## YOUR TASK:
A stretch of the entries below is to be set down exactly, running from the line with "ten Cate Thermo" through the line with "SUN High UV Protection Cream LSF 50", both included, and no other line.

## EXTRACTED INFORMATION:
■ ■ ■ ■ ■
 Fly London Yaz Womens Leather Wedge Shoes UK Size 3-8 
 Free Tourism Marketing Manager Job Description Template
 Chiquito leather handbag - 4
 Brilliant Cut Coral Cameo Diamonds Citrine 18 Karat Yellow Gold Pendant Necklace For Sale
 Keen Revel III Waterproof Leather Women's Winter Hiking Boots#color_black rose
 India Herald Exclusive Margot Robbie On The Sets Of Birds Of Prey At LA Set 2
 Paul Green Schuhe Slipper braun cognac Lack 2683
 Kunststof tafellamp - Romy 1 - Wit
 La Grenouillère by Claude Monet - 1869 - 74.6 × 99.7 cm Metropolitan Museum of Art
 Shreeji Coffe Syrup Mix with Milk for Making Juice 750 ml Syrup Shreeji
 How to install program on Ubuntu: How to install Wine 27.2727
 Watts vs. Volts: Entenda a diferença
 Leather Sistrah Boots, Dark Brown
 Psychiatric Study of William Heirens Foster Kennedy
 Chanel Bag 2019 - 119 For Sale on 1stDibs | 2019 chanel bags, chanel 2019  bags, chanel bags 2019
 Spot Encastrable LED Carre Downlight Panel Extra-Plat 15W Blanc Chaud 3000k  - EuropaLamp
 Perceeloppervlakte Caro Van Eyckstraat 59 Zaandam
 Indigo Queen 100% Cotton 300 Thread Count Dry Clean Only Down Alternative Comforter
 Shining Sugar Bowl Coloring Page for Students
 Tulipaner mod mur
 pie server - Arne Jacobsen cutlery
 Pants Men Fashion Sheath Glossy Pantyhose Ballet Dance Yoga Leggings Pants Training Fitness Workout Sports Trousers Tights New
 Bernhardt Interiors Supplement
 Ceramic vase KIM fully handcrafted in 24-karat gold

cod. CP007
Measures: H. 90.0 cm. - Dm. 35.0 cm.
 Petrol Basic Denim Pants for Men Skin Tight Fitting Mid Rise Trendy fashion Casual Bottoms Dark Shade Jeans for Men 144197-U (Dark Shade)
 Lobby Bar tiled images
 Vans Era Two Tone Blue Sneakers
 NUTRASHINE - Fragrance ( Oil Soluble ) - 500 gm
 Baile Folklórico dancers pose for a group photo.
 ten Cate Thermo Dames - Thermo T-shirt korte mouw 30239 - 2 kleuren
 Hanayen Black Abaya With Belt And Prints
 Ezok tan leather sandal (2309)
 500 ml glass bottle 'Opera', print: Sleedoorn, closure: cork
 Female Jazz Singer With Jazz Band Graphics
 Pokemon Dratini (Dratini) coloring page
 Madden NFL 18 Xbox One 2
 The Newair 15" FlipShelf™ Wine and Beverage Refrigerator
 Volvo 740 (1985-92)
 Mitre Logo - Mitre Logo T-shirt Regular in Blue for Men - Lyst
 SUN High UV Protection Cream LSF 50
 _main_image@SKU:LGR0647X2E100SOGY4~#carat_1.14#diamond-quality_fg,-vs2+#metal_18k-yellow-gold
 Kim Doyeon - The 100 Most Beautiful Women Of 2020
■ ■ ■ ■ ■
## RESPONSE BELOW:
 ten Cate Thermo Dames - Thermo T-shirt korte mouw 30239 - 2 kleuren
 Hanayen Black Abaya With Belt And Prints
 Ezok tan leather sandal (2309)
 500 ml glass bottle 'Opera', print: Sleedoorn, closure: cork
 Female Jazz Singer With Jazz Band Graphics
 Pokemon Dratini (Dratini) coloring page
 Madden NFL 18 Xbox One 2
 The Newair 15" FlipShelf™ Wine and Beverage Refrigerator
 Volvo 740 (1985-92)
 Mitre Logo - Mitre Logo T-shirt Regular in Blue for Men - Lyst
 SUN High UV Protection Cream LSF 50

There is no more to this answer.